# ASSIGNED TASK
Without including any image, repeat every record exactly.

# SUPPLIED INFORMATION
<<<<

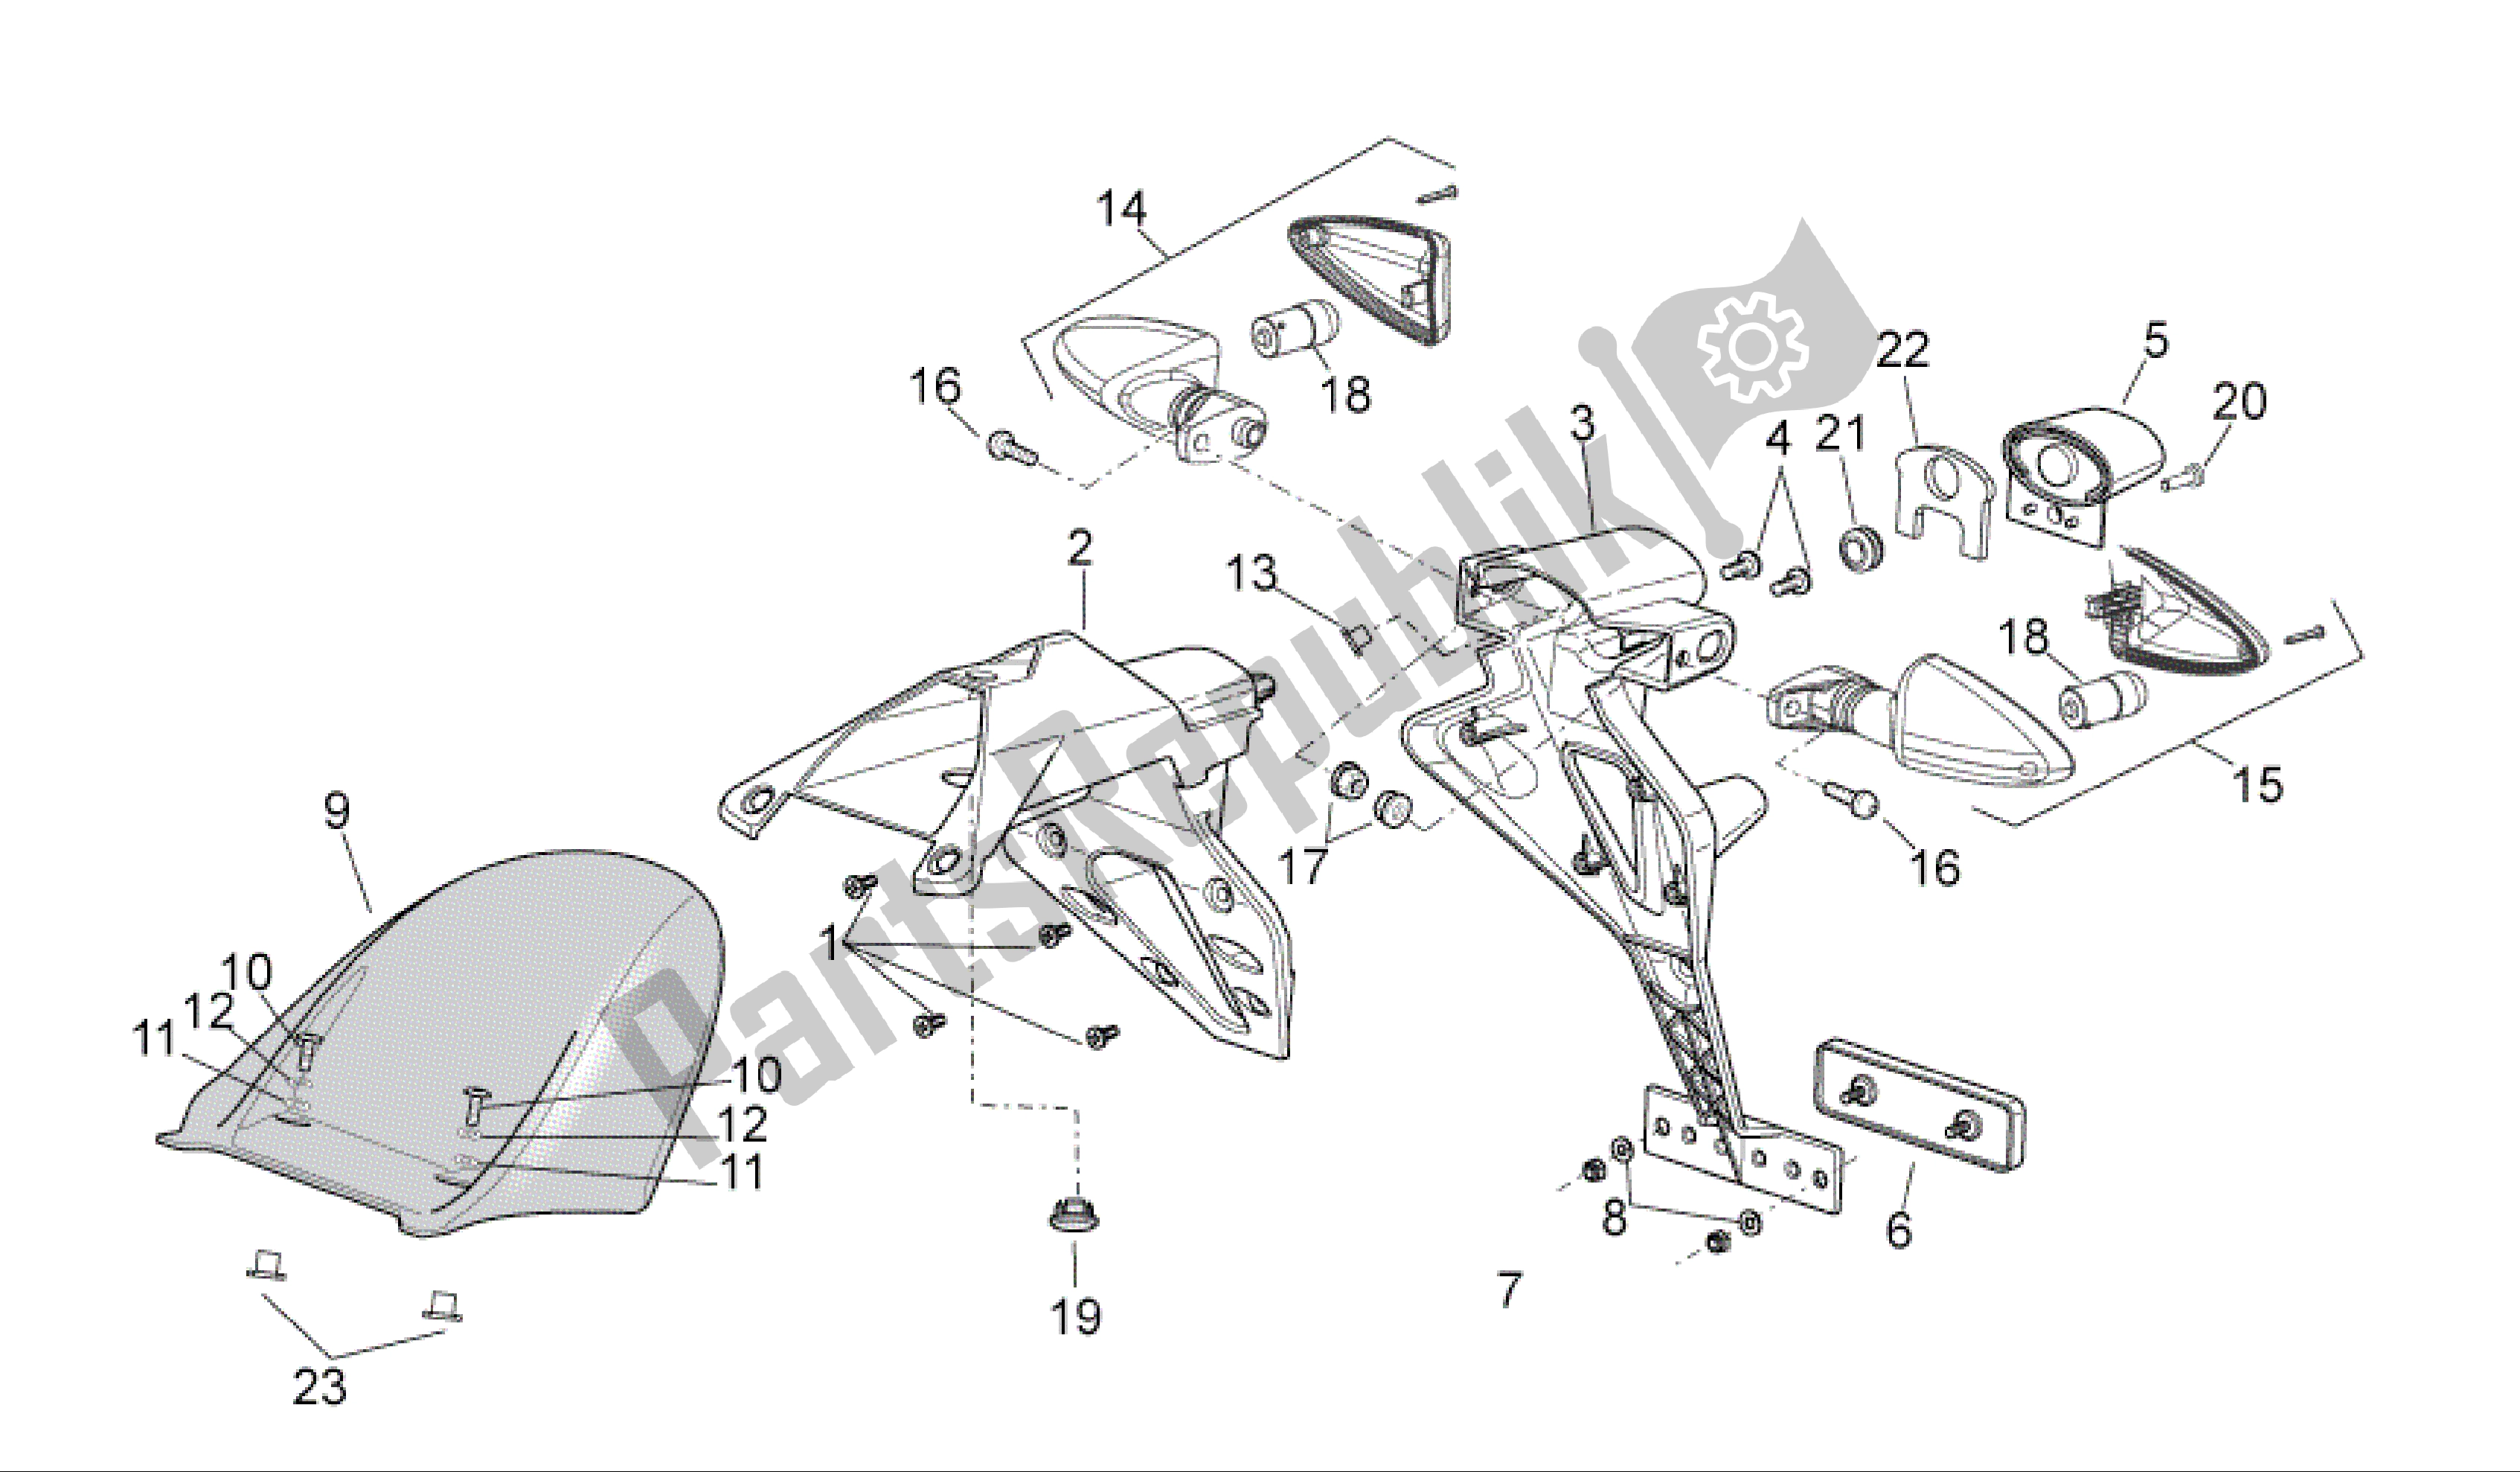 All parts for the Rear Body Ii of the Aprilia RSV4 R 3980 1000 2009 - 2010
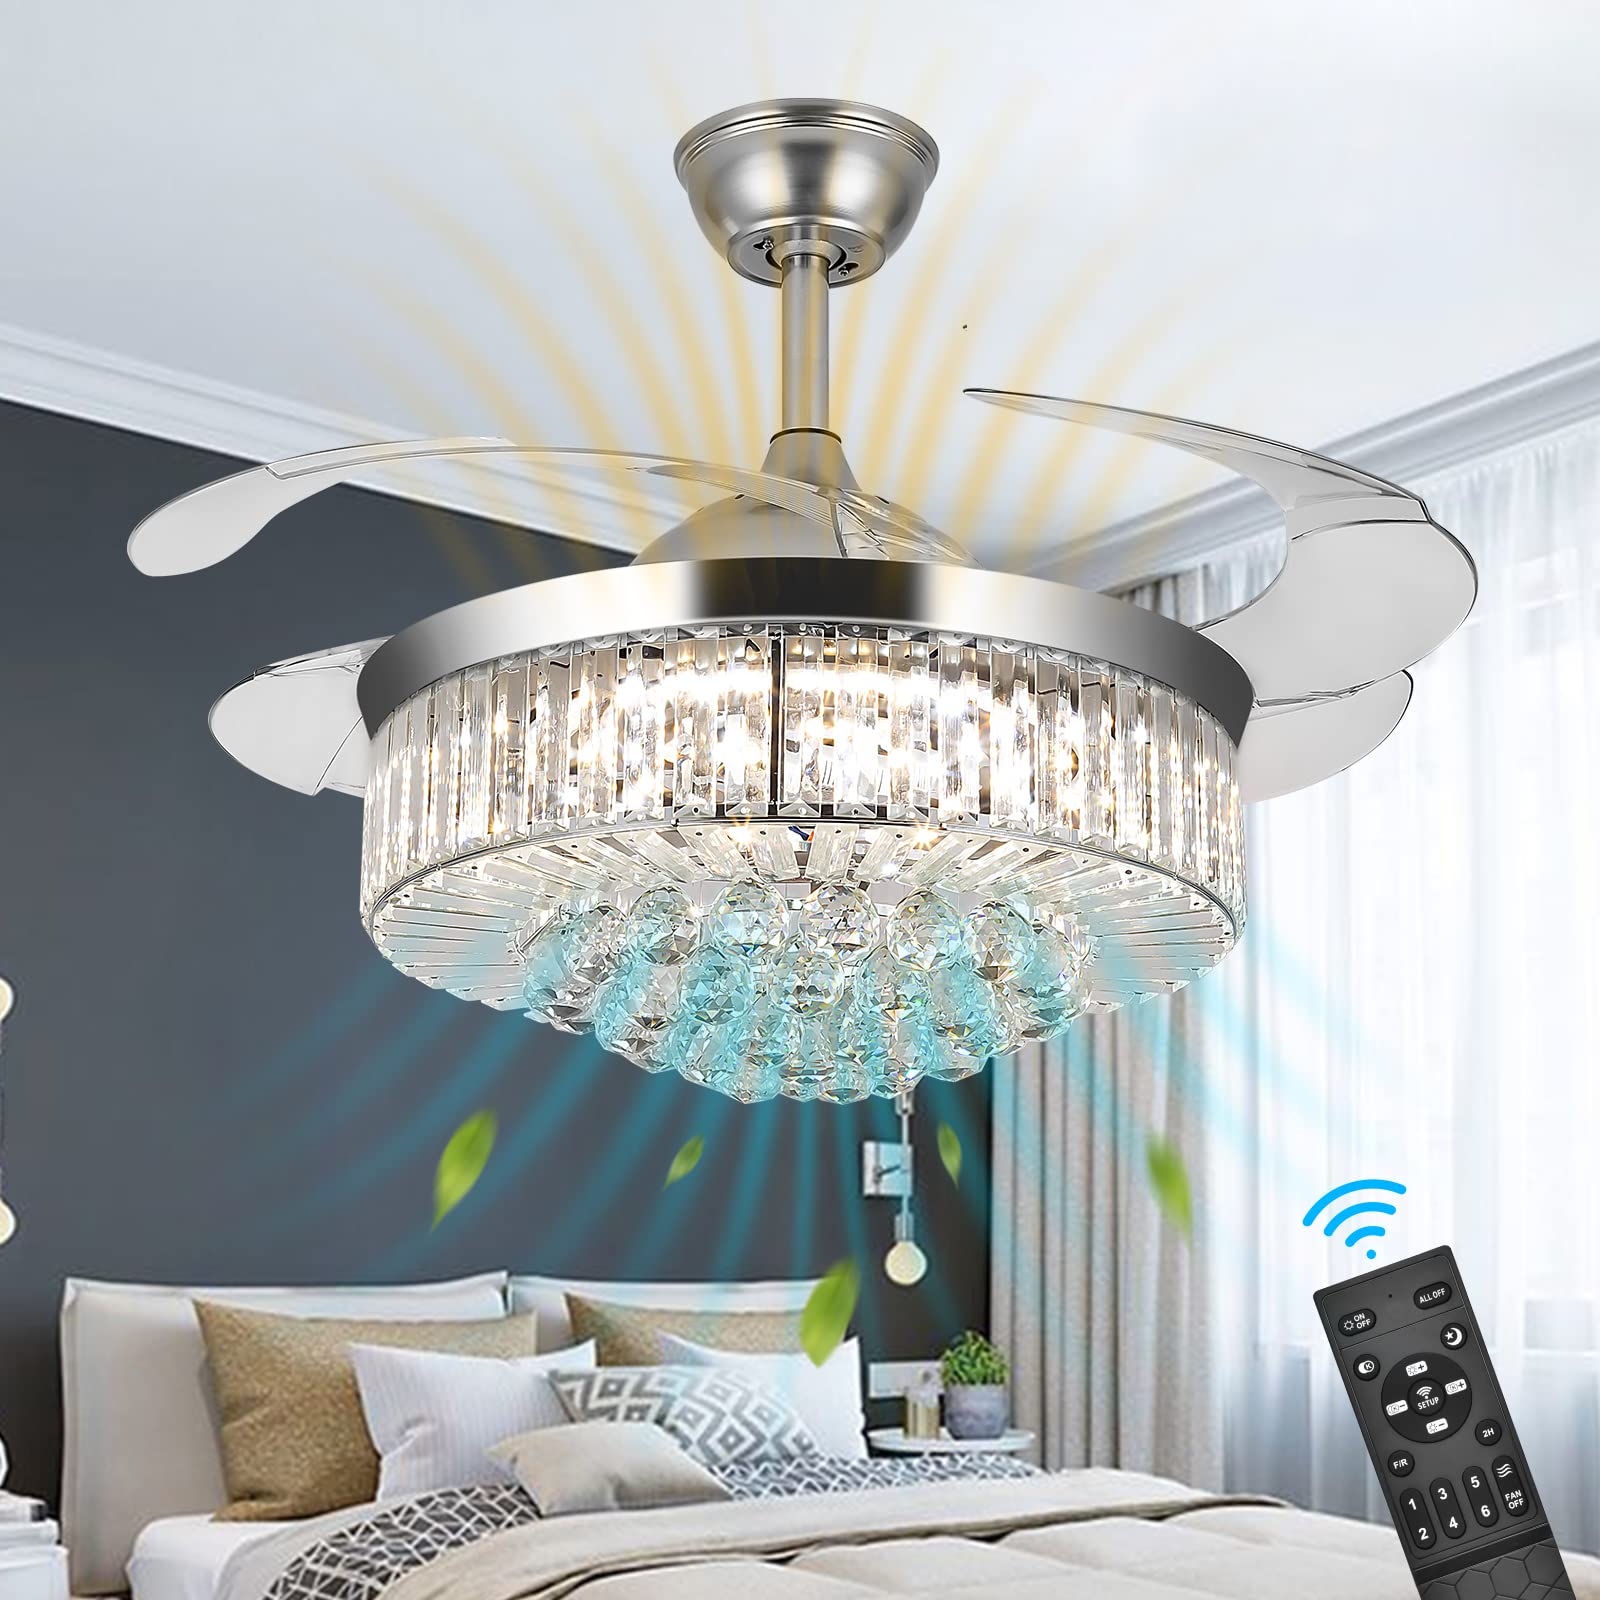 wuyule 42 Inches Crystal Ceiling Fan Silver Crystal Ceiling Fan Chandelier with Remote 3 Speeds 3 Colors Changes Lighting Fixture, 4 Blades Retractable Fans for Bedroom Living Room Dining Room
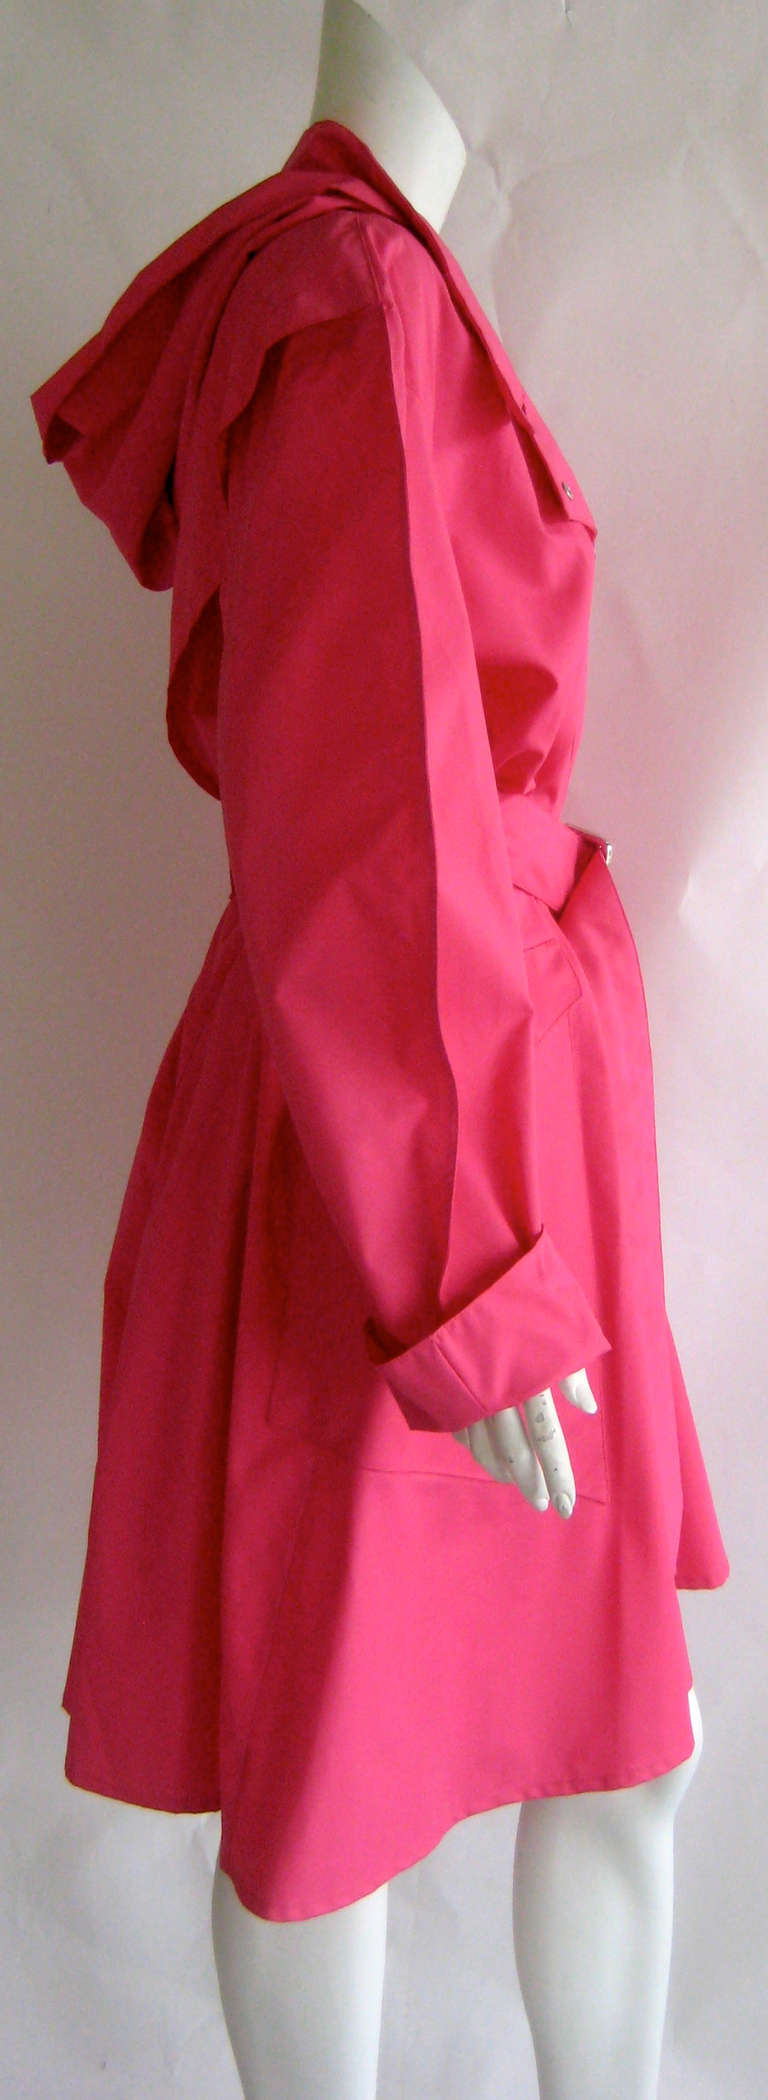 Fabulous hot pink Thierry Mugler raincoat with detachable hood
Snaps up the front with pink snaps
Hood snaps on and off
Matching self belt
2 side slant pockets close with snaps
Polymide /rayon combo
Unworn dead stock piece .This still has the

>>>>

# WRITTEN REPLY
 All parts for the Rear Body Ii of the Aprilia RSV4 R 3980 1000 2009 - 2010
 wuyule 42 Inches Crystal Ceiling Fan Silver Crystal Ceiling Fan Chandelier with Remote 3 Speeds 3 Colors Changes Lighting Fixture, 4 Blades Retractable Fans for Bedroom Living Room Dining Room
 Fabulous hot pink Thierry Mugler raincoat with detachable hood
Snaps up the front with pink snaps
Hood snaps on and off
Matching self belt
2 side slant pockets close with snaps
Polymide /rayon combo
Unworn dead stock piece .This still has the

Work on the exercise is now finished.